The gist: Women with HER2-positive breast cancer whose tumors also have a mutation called PIK3CA might not respond as well to HER2-targeted treatments. Scientists looked at tumor samples from patients who had taken the drugs trastuzumab (Herceptin) and/or lapatinib (Tykerb). They had also taken neoadjuvant (before surgery) chemotherapy. Patients whose tumors had PIK3CA mutations had a significantly lower rate of treatment success. These findings highlight the need for more research into PIK3CA-targeted therapy. They also echo findings from other researchers.
“Patients with HER-2–positive breast cancer who harbored activating mutations in PIK3CA were considerably less likely to achieve total pathologic complete response to neoadjuvant HER-2–targeted therapies than patients who did not have PIK3CA mutations, according to findings in the randomized, phase 3 NeoALTTO trial.

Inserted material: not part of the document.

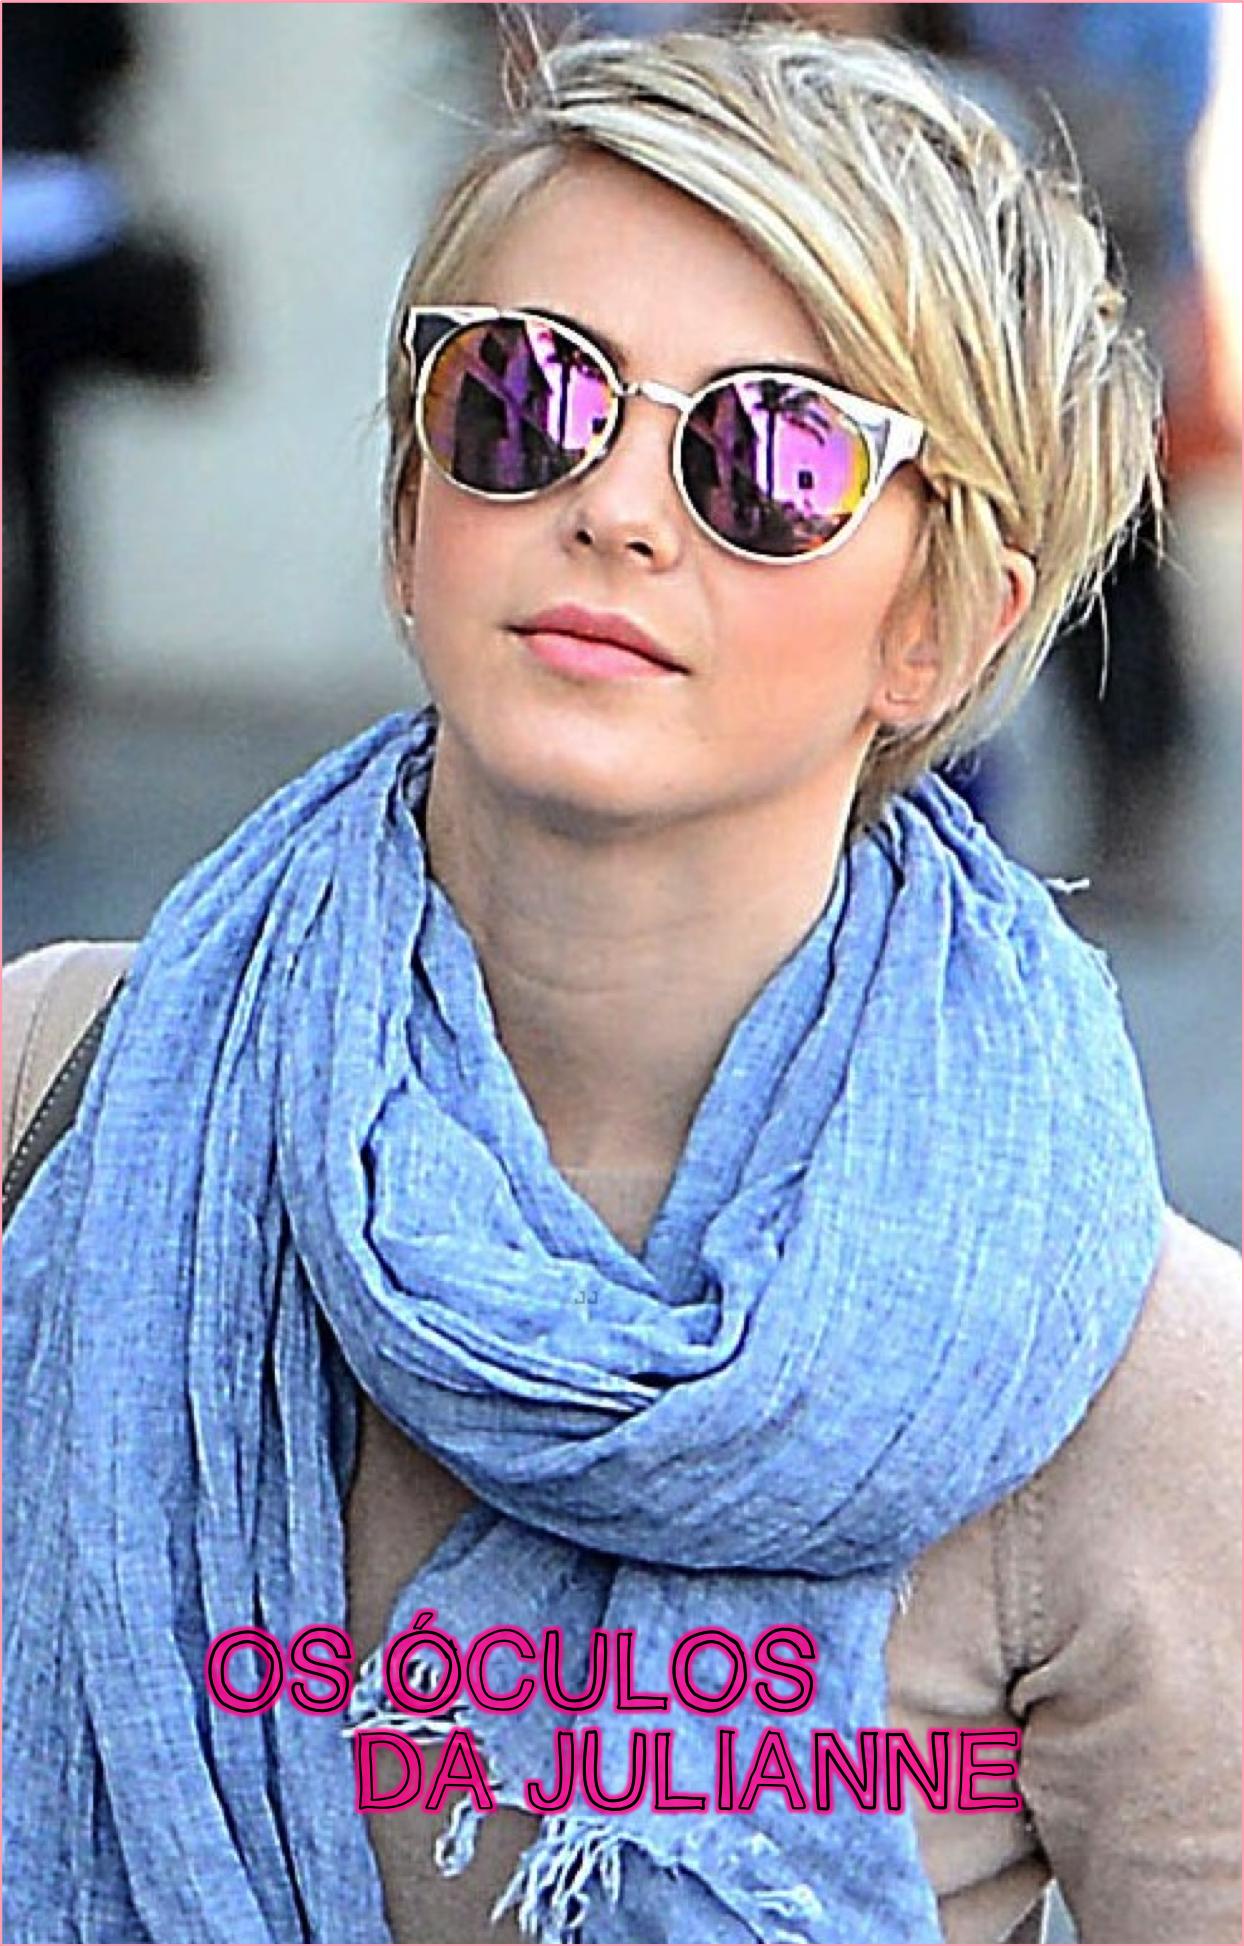 e4420aa38c3 óculos Archives - Página 3 de 5 - Fashionismo

“PIK3CA activating mutations are present in all subtypes of breast cancer. However, they are enriched in HER-2–positive and ER-positive disease, according to study background.
“José Baselga, MD, PhD, physician-in-chief and chief medical officer at Memorial Sloan Kettering Cancer Center, and colleagues investigated whether an association existed between PIK3CA mutation status and patients’ response to HER-2–targeted therapy.”